Re: [syzbot] INFO: task hung in jbd2_journal_commit_transaction (3)

Dmitry Vyukov <dvyukov@xxxxxxxxxx> · Fri, 20 May 2022 13:57:07 +0200

On Wed, 22 Dec 2021 at 05:35, Theodore Ts'o <tytso@xxxxxxx> wrote:
>
> On Wed, Dec 22, 2021 at 10:25:27AM +0800, Hillf Danton wrote:
> > > I'm not sure what you hope to learn by doing something like that.
> > > That will certainly perturb the system, but every 150 seconds, the
> > > task is going to let other tasks/threads run --- but it will be
> > > whatever is the next highest priority thread.
> >
> > Without reproducer, I am trying to reproduce the issue using a FIFO CPU hog
> > which is supposed to beat the watchdog to show me the victims like various
> > kthreads, workqueue workers and user apps, despite I know zero about how the
> > watchdog is configured except the report was down to watchdog bite.
>
> It's really trivial to reproduce an issue that has the same symptom as
> what has been reported to you.  Mount the file system using a
> non-real-time (SCHED_OTHER) thread, such that the jbd2 and ext4 worker
> threads are running SCHED_OTHER.  Then run some file system workload
> (fsstress or fsmark) as SCHED_FIFO.  Then on an N CPU system, run N
> processes as SCHED_FIFO at any priority (doesn't matter whether it's
> MAX_PRI-1 or MIN_PRI; SCHED_FIFO will have priority over SCHED_OTHER
> processes, so this will effectively starve the ext4 and jbd2 worker
> threads from ever getting to run.  Once the ext4 journal fills up, any
> SCHED_FIFO process which tries to write to the file system will hang.
>
> The problem is that's *one* potential stupid configuration of the
> real-time system.  It's not necessarily the *only* potentially stupid
> way that you can get yourself into a system hang.  It appears the
> syzkaller "repro" is another such "stupid way".  And the number of
> ways you can screw up with a real-time system is practically
> unbounded...
>
> So getting back to syzkaller, Willy had the right approach, which is a
> Syzcaller "repro" happens to use SCHED_FIFO or SCHED_RR, and the
> symptom is a system hang, it's probably worth ignoring the report,
> since it's going to be a waste of time to debug userspace bug.  If you
> have anything that uses kernel threads, and SCHED_FIFO or SCHED_RR is
> in play, it's probably a userspace bug.
>
> Cheers,

Hi Ted,

Reviving this old thread re syzkaller using SCHED_FIFO.

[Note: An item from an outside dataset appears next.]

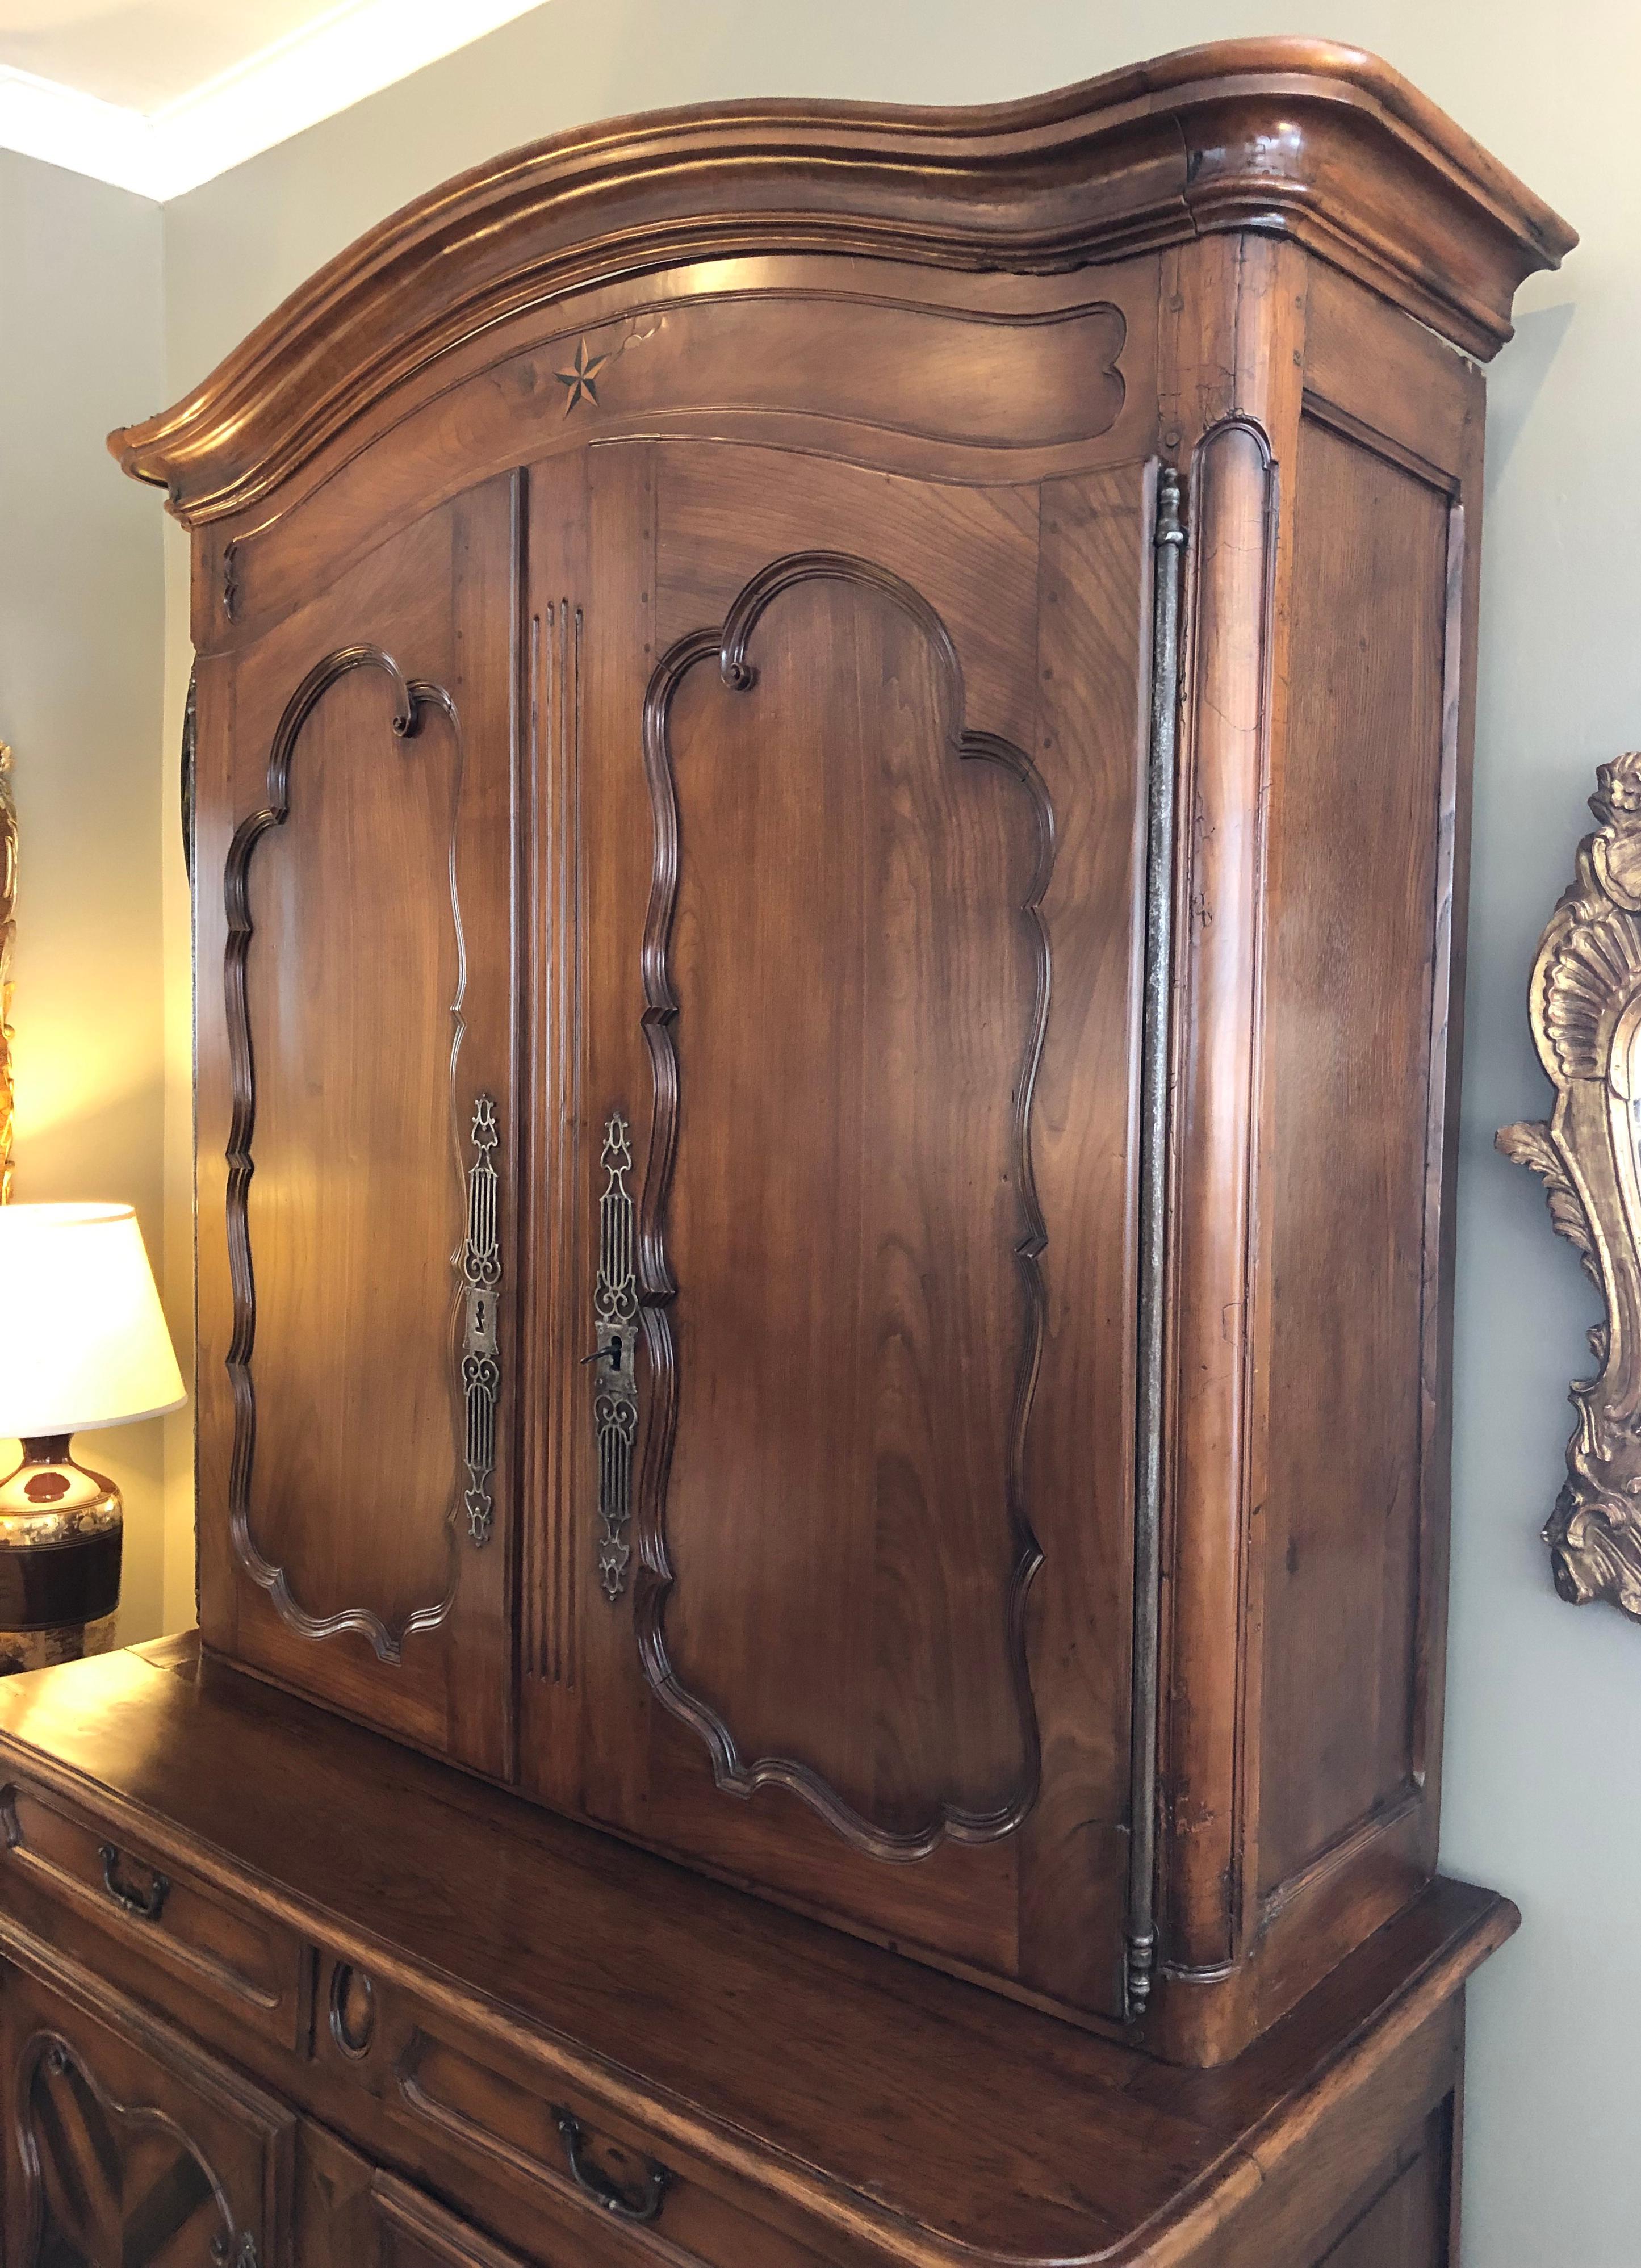 In two pieces, the dramatic arching crest above a two-door cabinet resting on a base fitted with two short drawers over 2 doors.

It's a bit hard to restrict what the fuzzer can do if we give it
sched_setattr() and friends syscalls. We could remove them from the
fuzzer entirely, but it's probably suboptimal as well.

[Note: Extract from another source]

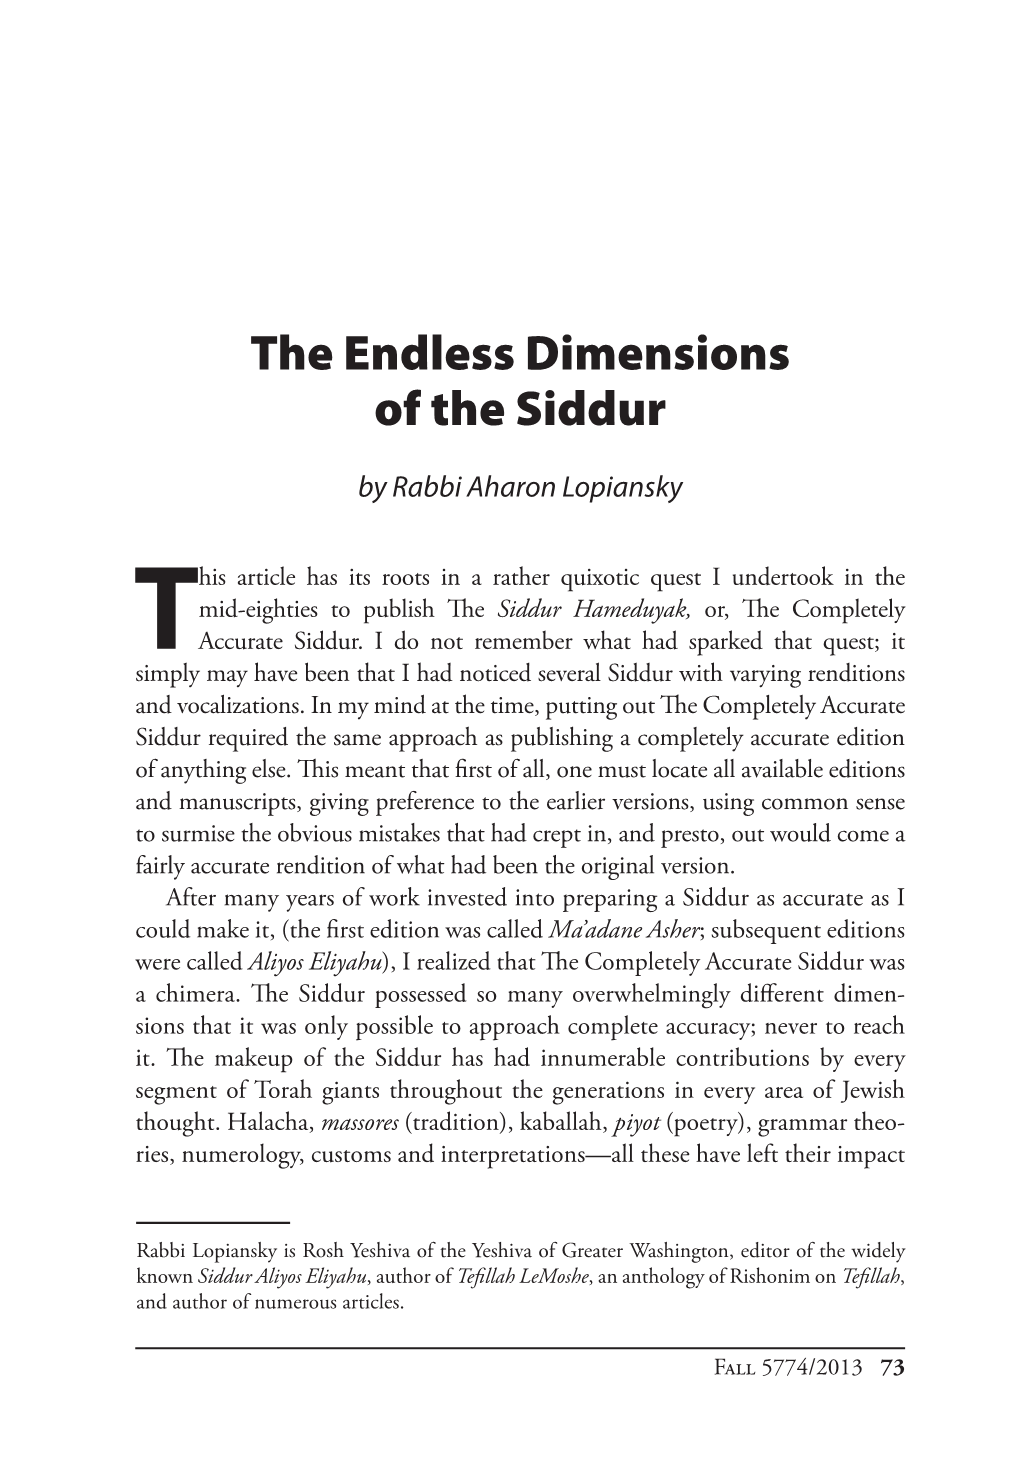 The Endless Dimensions of the Siddur.Pdf

I see that setting up SCHED_FIFO is guarded by CAP_SYS_NICE:
https://elixir.bootlin.com/linux/v5.18-rc7/source/kernel/sched/core.c#L7264

And I see we drop CAP_SYS_NICE from the fuzzer process since 2019
(after a similar discussion):
https://github.com/google/syzkaller/commit/f3ad68446455a

The latest C reproducer contains:

static void drop_caps(void)
{
  struct __user_cap_header_struct cap_hdr = {};
  struct __user_cap_data_struct cap_data[2] = {};
  cap_hdr.version = _LINUX_CAPABILITY_VERSION_3;
  cap_hdr.pid = getpid();
  if (syscall(SYS_capget, &cap_hdr, &cap_data))
    exit(1);
  const int drop = (1 << CAP_SYS_PTRACE) | (1 << CAP_SYS_NICE);
  cap_data[0].effective &= ~drop;
  cap_data[0].permitted &= ~drop;
  cap_data[0].inheritable &= ~drop;
  if (syscall(SYS_capset, &cap_hdr, &cap_data))
    exit(1);
}

Are we holding it wrong? How can the process manage to set any bad
scheduling policies if it dropped CAP_SYS_NICE?...
The process still has CAP_SYS_ADMIN, but I assume it should not allow
it using something that requires dropped CAP_SYS_NICE.